The C and C++ Language#

Introduction#

The C programming language is the earliest form of the C and C++ family of programming languages. Nowadays, plain C is used in kernel programming (e.g., the Linux kernel), in long-established code bases (e.g. postgresql), and in very resource-constrained situations (e.g., embedded devices). It also presents a subset of modern C++ and (with very few incompatibilities), every modern C++ compiler will compile plain C source code without any issues.

C and C++ are compiled languages and the compilation process is decomposed into a few tasks and translations that can run independetly from each other. A modern GUI will orchestrate these steps, but it is mandatory to understand the translation procedure to some extent when learning C++.

To keep things simple, a C project typically contains a bunch of C (extension *.c) or C++ (extension *.cpp) files. These contain source code which a compiler can translate to object code. Object code is a form of machine code which is not executable as it can be incomplete. In a second phase, all object codes are linked together with system libraries such that all missing symbols are either coming from one of the object files of the project (hence, from your source code) or from some libraries (either system or additional libraries).
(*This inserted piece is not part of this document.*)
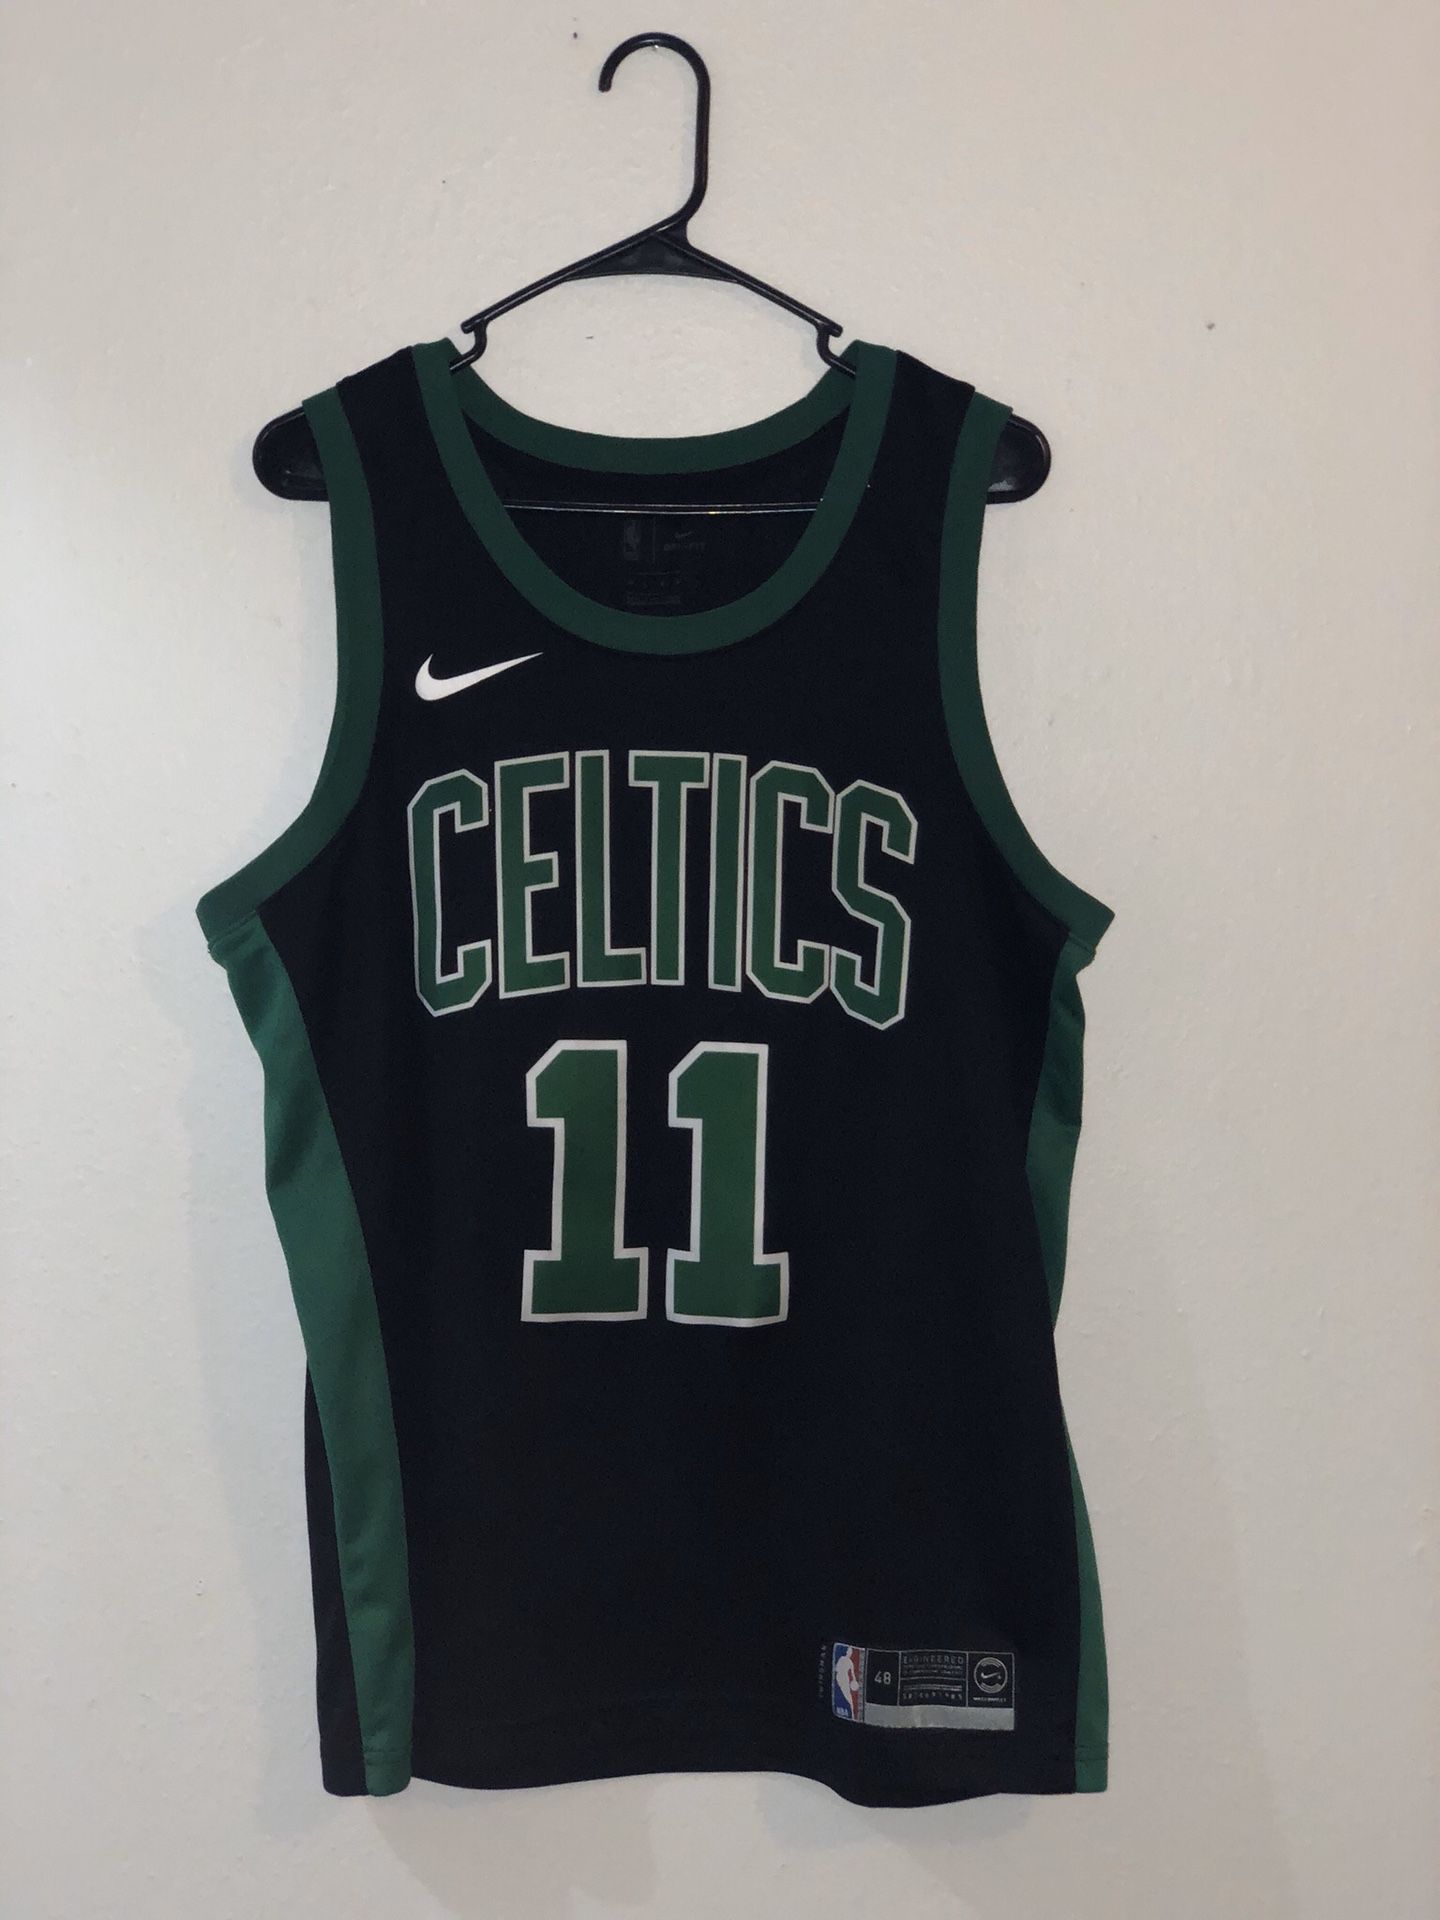 Size Large Men’s Nike Boston Celtics Kyrie Irving #11 jersey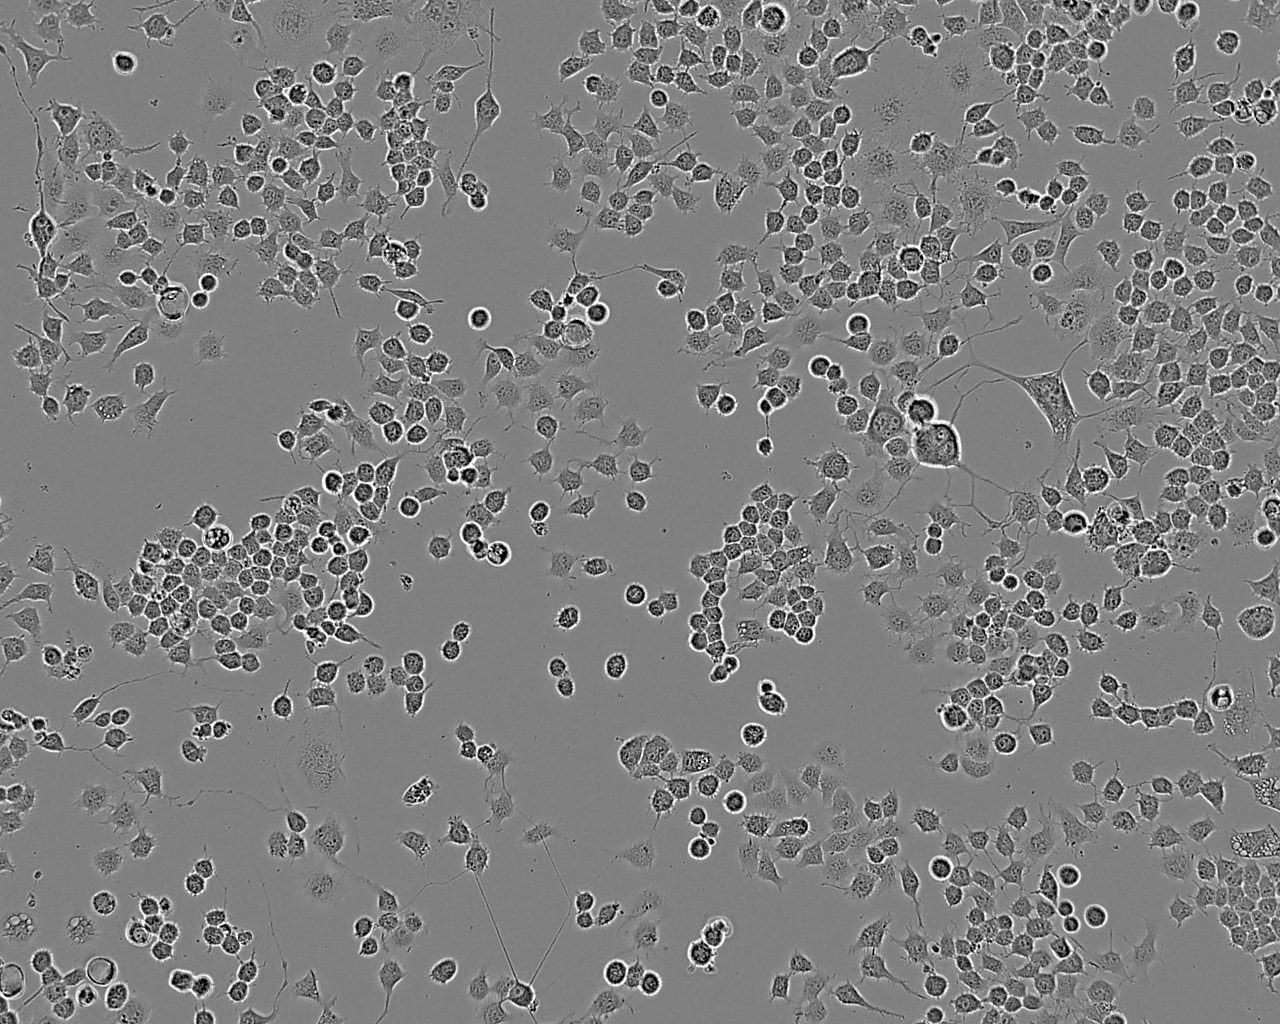 M059J Cells|人脑神经胶质瘤细胞系,M059J Cells

In order to deal with the situation that your source code depends on functionality that is not available to the compiler, because it is in a different file or coming from the operating system libraries, the C system provides a second type of file in which only the signature of functions is defined. In this way, the compiler is able to generate code to understand the libraries contents (it is kind-of a table-of-contents) well enough to compile the object file without looking into the actual implementation.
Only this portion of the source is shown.